L'actuelle pandémie grippale est sans conteste un formidable révélateur d'une forme de syndrome français. Elle vient tout d'abord, à sa manière, nous redire que les sciences, pas plus que la médecine qui ne cesse de se nourrir de leurs fruits, n'éradiqueront jamais les maladies, les accidents, les virus, le hasard et - fort heureusement - la mort. On sait pourtant qu'une illusion collective croissante s'installe qui laisse penser que le temps n'est peut-être pas si loin où ces éradications émergeront dans le champ du possible. Ainsi, pour ne prendre que cet exemple, les avancées concernant le clonage nourrissent-elle, consciemment ou pas, l'illusion de l'accès à l'immortalité.

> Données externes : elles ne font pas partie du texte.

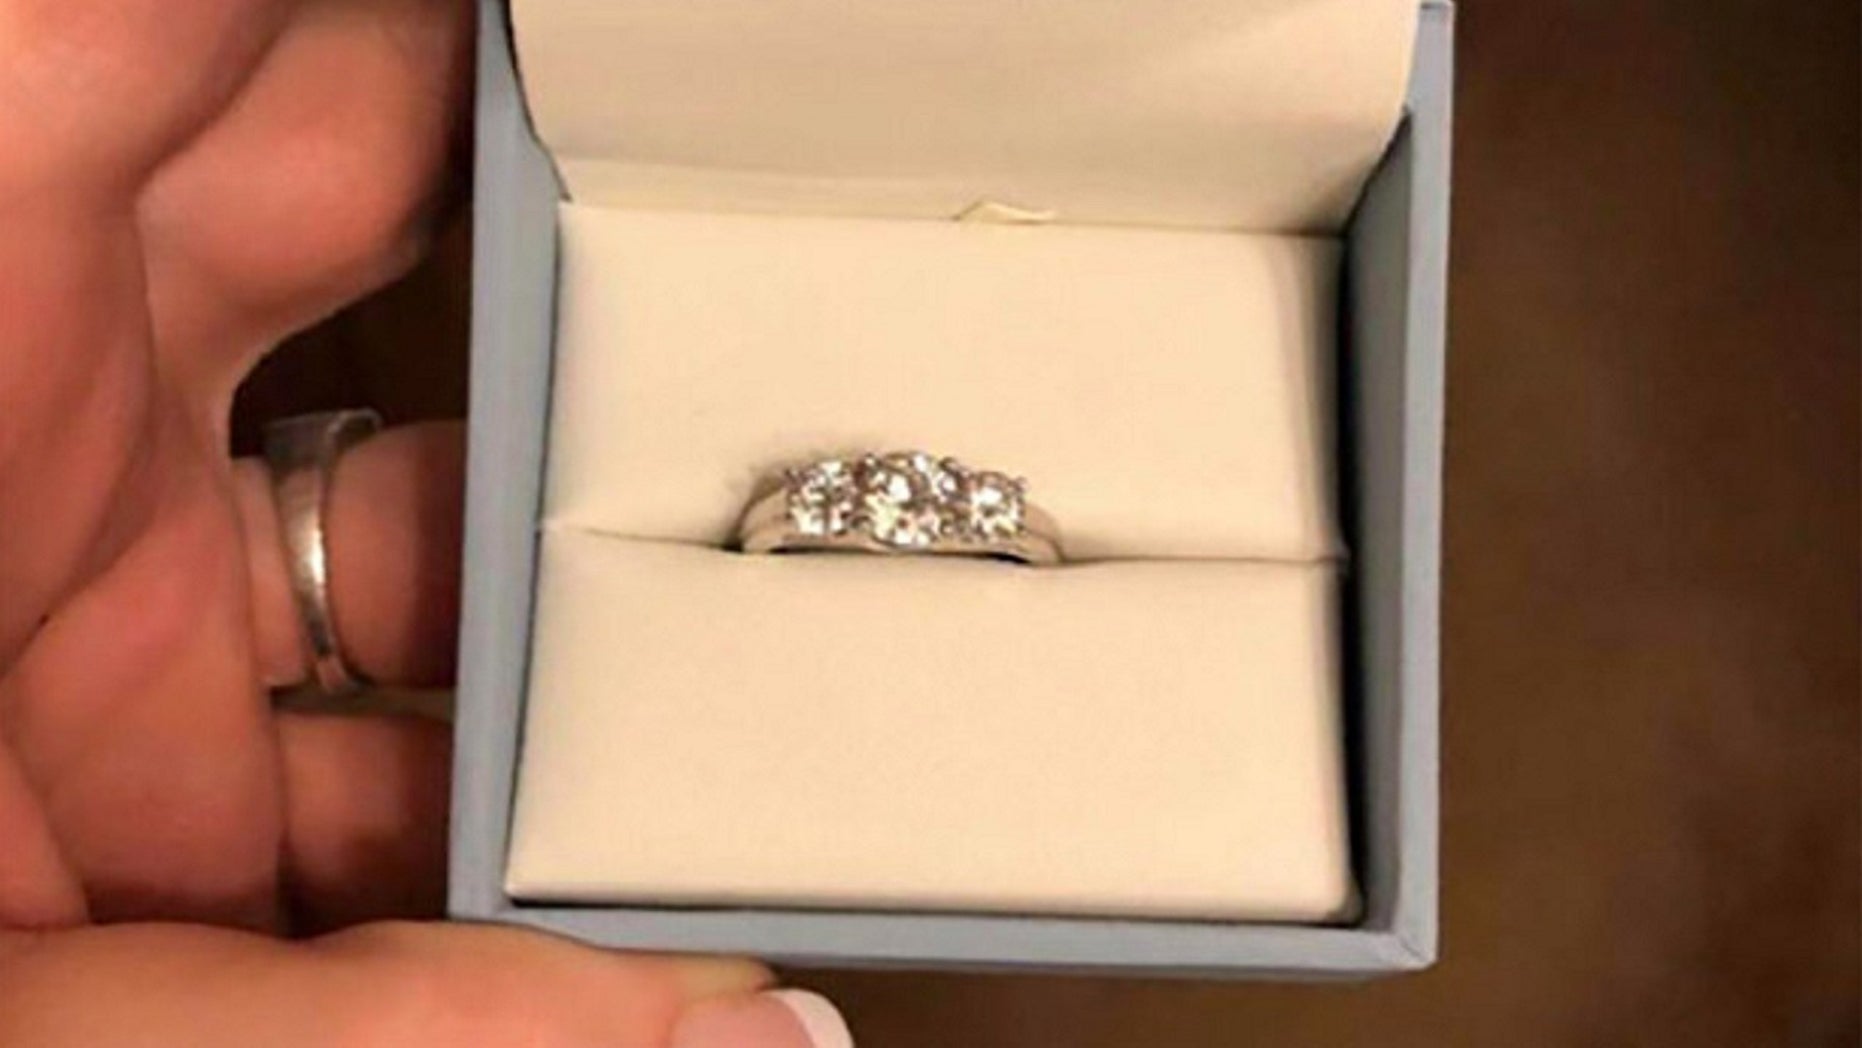 A woman found her diamond ring before the proposal and reportedly "ring shames" herself through a Facebook group.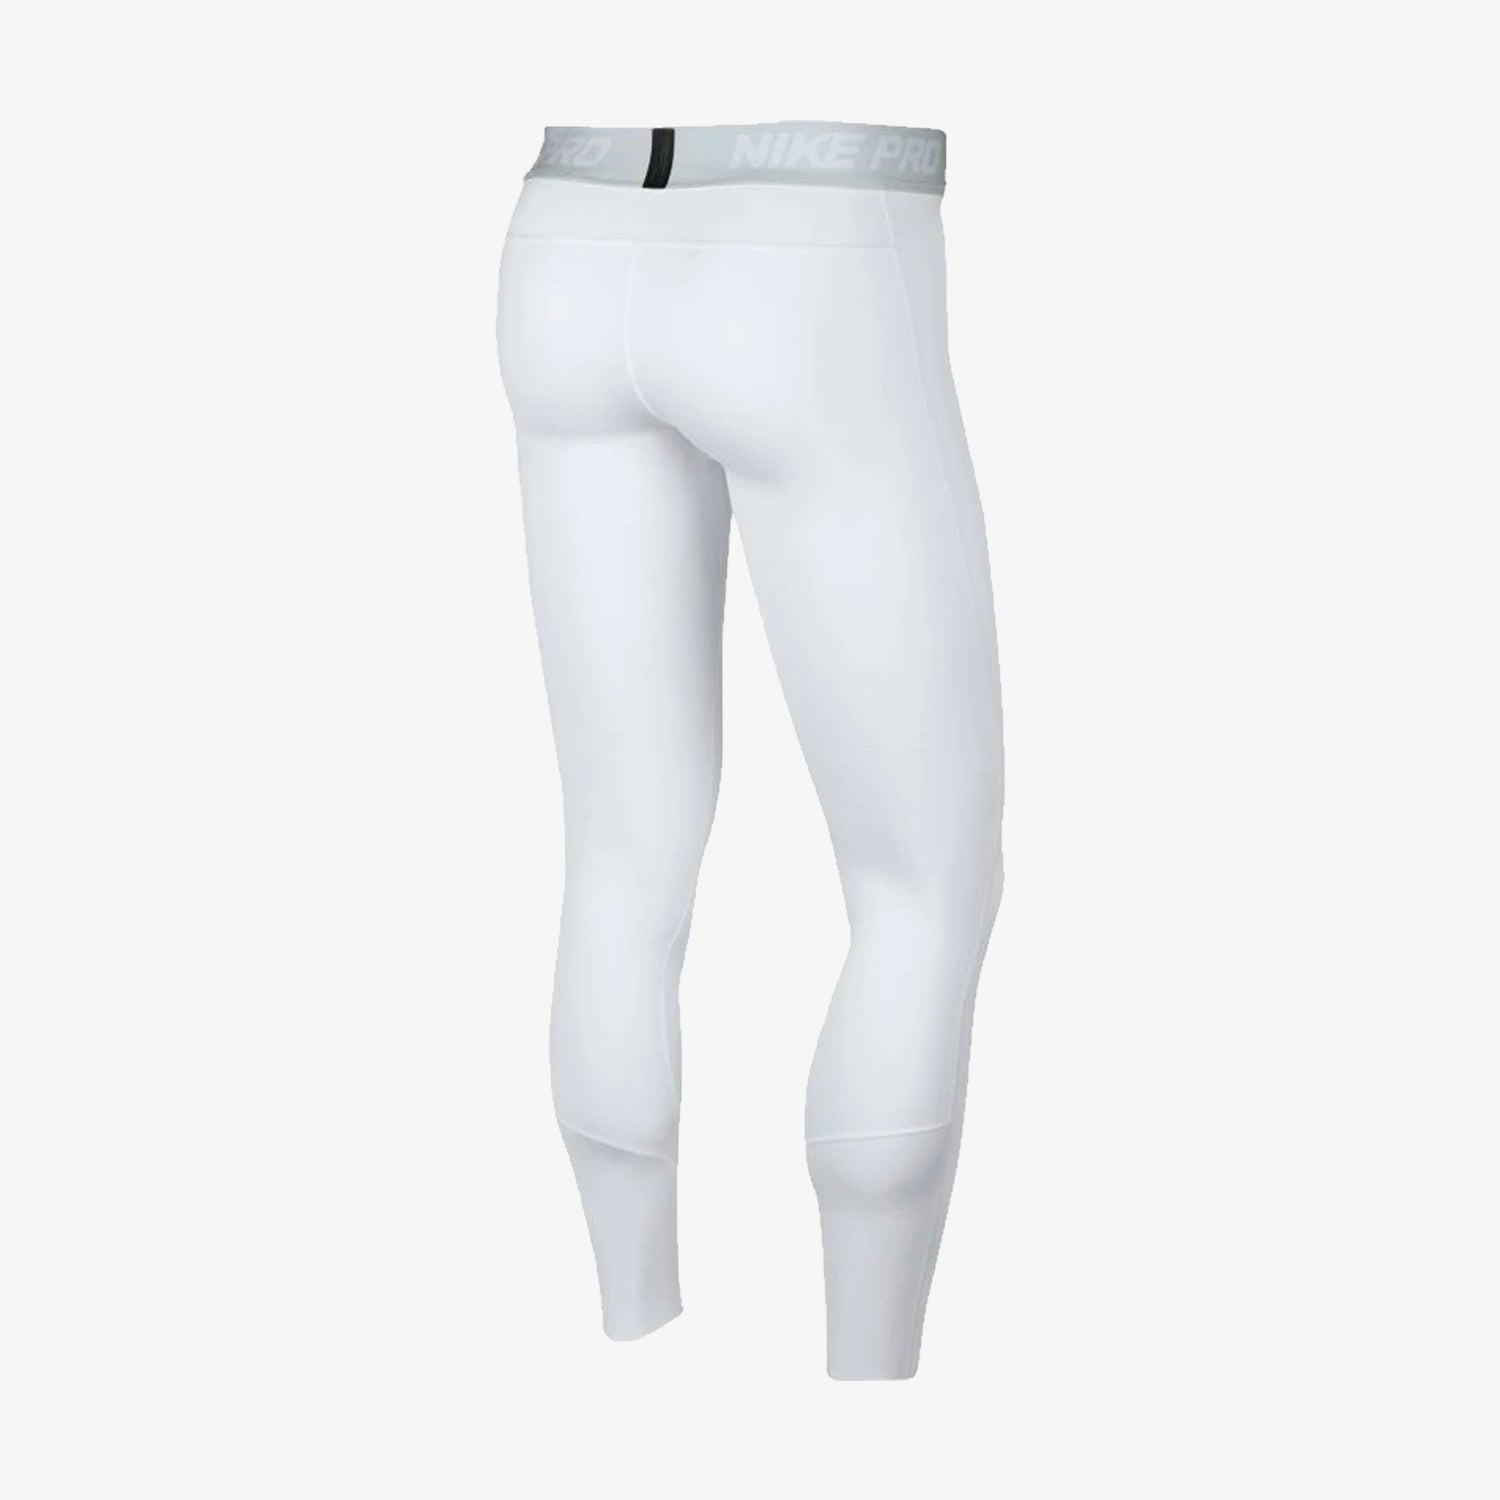 Nike Pro Dri-Fit Compression Pants Men's White New with Tags XL 170 -  Locker Room Direct

Ces mêmes sciences avancent-elles aujourd'hui plus rapidement qu'elles ne le firent dans les trois ou quatre derniers siècles du deuxième millénaire? Peut-être, peut-être pas. Mais en toute hypothèse ces mêmes sciences (et plus encore les techniques qu'elles génèrent) nous offrent et nous imposent une nouvelle lecture du monde. Tout semble de nature à modifier de manière irréversible notre perception de la réalité: l'explosion de la téléphonie mobile, l'expansion infinie de la Toile et plus généralement la numérisation de notre quotidien. Faut-il voir là le pendant contemporain, en accélération perpétuelle, de ce que furent les trois révolutions: copernicienne, darwinienne et freudienne? Sans aucun doute. Chacune à leur manière imposèrent à l'homme de trouver une nouvelle place, toujours plus modeste, dans l'univers, dans l'espace et dans le temps.
Puis le roseau pensant redressa la tête. La physique lui offrit bientôt la maîtrise de l'énergie atomique tandis que la biologie et la génétique lui conférèrent celle du vivant qu'il soit végétal, animal ou humain. Comment dès lors ne pas imaginer que la courbe pourrait un jour s'inverser ou, plus précisément, que ces progrès cumulés auraient des conséquences négatives, à commencer par une forme de divorce paradoxal entre les sciences et nos contemporains; divorce qui est pour une large part au cœur de tous les mouvements qui ont pour point commun de réclamer le respect de la Nature.
Ce phénomène est peut être plus marqué dans la France jacobine où le dernier quart de siècle a été marqué par une succession d'«affaires» touchant à la santé publique, où les responsables politiques ont progressivement pris la mesure de leurs responsabilités juridiques en la matière au point de prendre la précaution de forger le principe du même nom avant, bien vite, de l'inscrire dans le marbre de la Constitution.
On oublie toutefois trop souvent que ces différentes «affaires» ont aussi eu des conséquences positives en permettant de développer un nouveau dispositif de lutte contre les crises; un dispositif fondé sur la dissociation entre l'évaluation du risque sanitaire de la gestion du même risque. La première est effectuée par des experts sous l'égide de différentes Agences indépendantes (concernant la bioéthique, la sécurité sanitaire des médicaments, des aliments, de l'environnement etc.) tandis que la seconde est du strict ressort de responsables gouvernementaux. Le tout, en théorie, dans la plus grande transparence.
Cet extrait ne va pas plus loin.